Meilleur Film pour enfants : Als Hitler das rosa Kaninchen stahl de Caroline Link, sans date de sortie en France

Lola du public : Das perfekte Geheimnis de Bora Dagtekin, sans date de sortie en France

© Christoph Hellhake / Edgar Reitz Filmstiftung / Deutsche Filmakademie Tous droits réservés

Comme déjà annoncé le 5 mars, c’est le réalisateur allemand Edgar Reitz (* 1932) qui a reçu le prix honorifique de l’Académie du cinéma allemand pour l’ensemble de son œuvre.
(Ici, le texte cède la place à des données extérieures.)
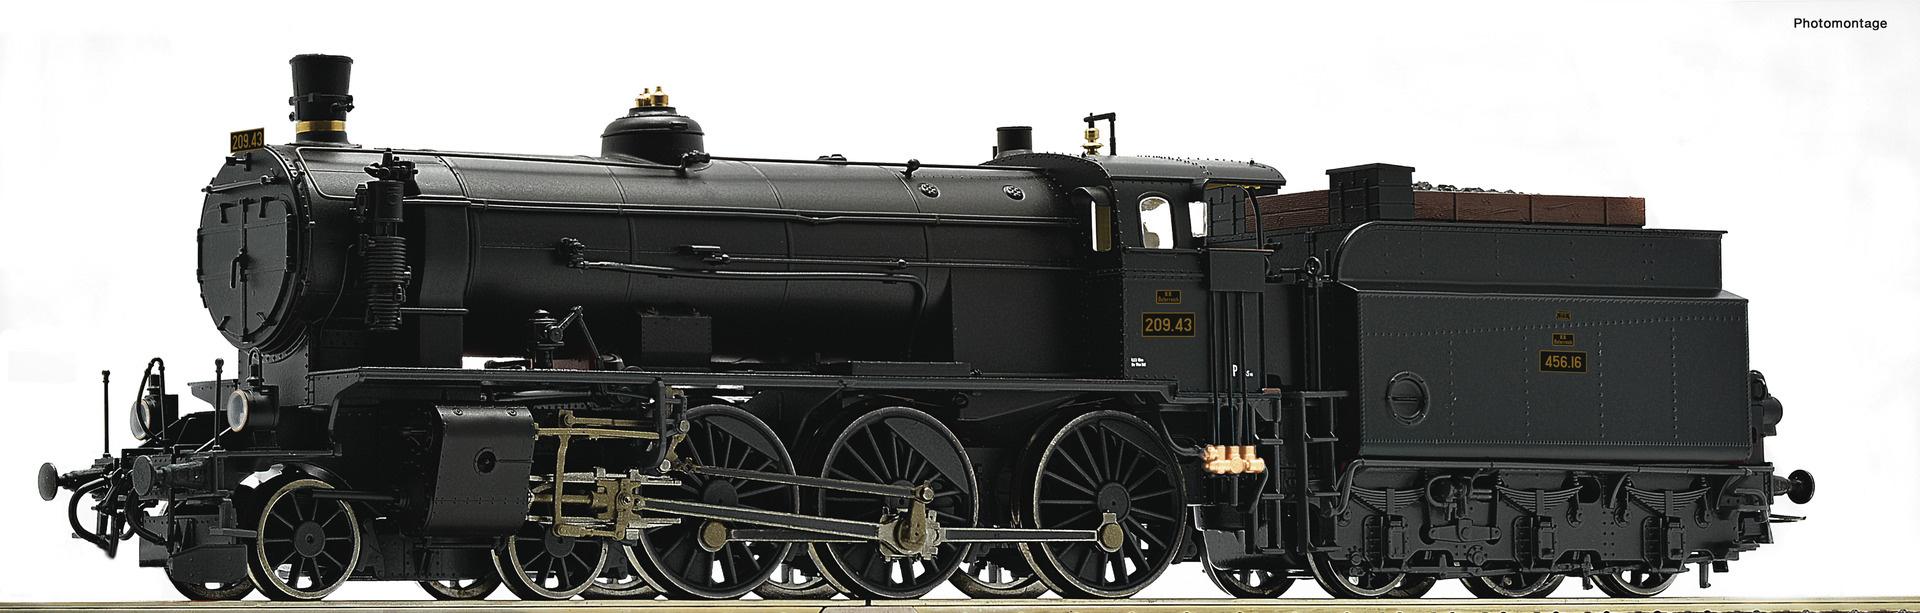 72108 Dampflok Rh 209 BBÖ-1
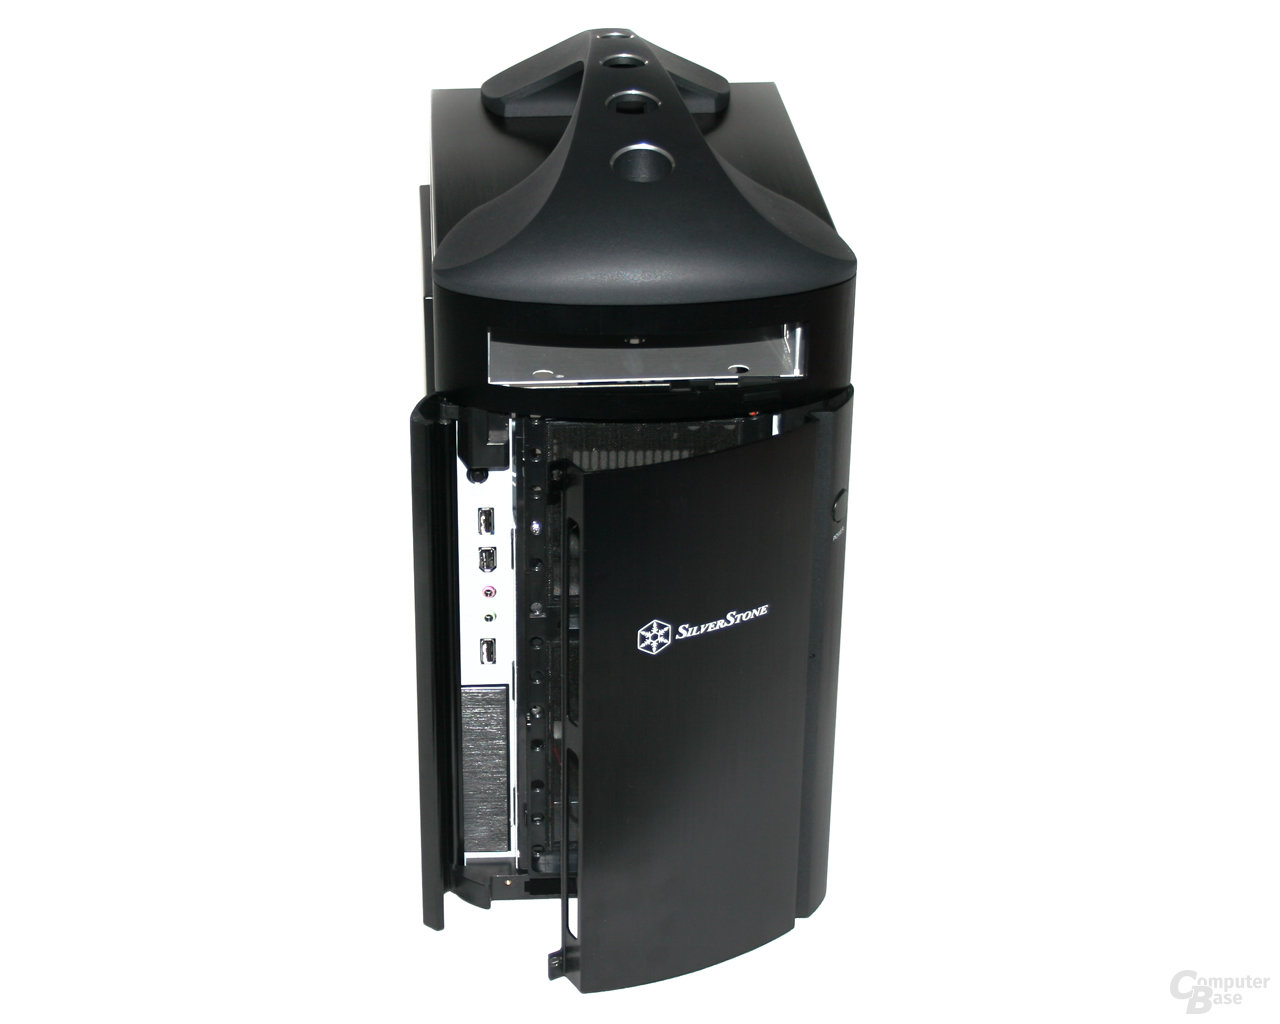 Silverstone SG04B-FH Sugo – Front Tür

Le travail de ce génie de la série épique est hélas assez peu connu et exposé en France, puisque seules la troisième et la quatrième partie de son œuvre gigantesque Heimat y ont bénéficié d’une exploitation en salles, aussi confidentielle soit-elle. En même temps, Heimat et Die zweite Heimat, diffusés respectivement en 1984 et ’92, ont été produits pour la télévision allemande, bien que leurs qualités cinématographiques en fassent indubitablement des films à part. Ses confrères de l’Académie du cinéma allemand avaient récemment reconnu déjà le talent hors pair de Reitz, en lui attribuant il y a six ans les prix du Meilleur scénario, de la Meilleure réalisation et du Meilleur Film pour Heimat Chronique d’un rêve et Heimat L’Exode, sortis au cinéma en France en octobre 2013.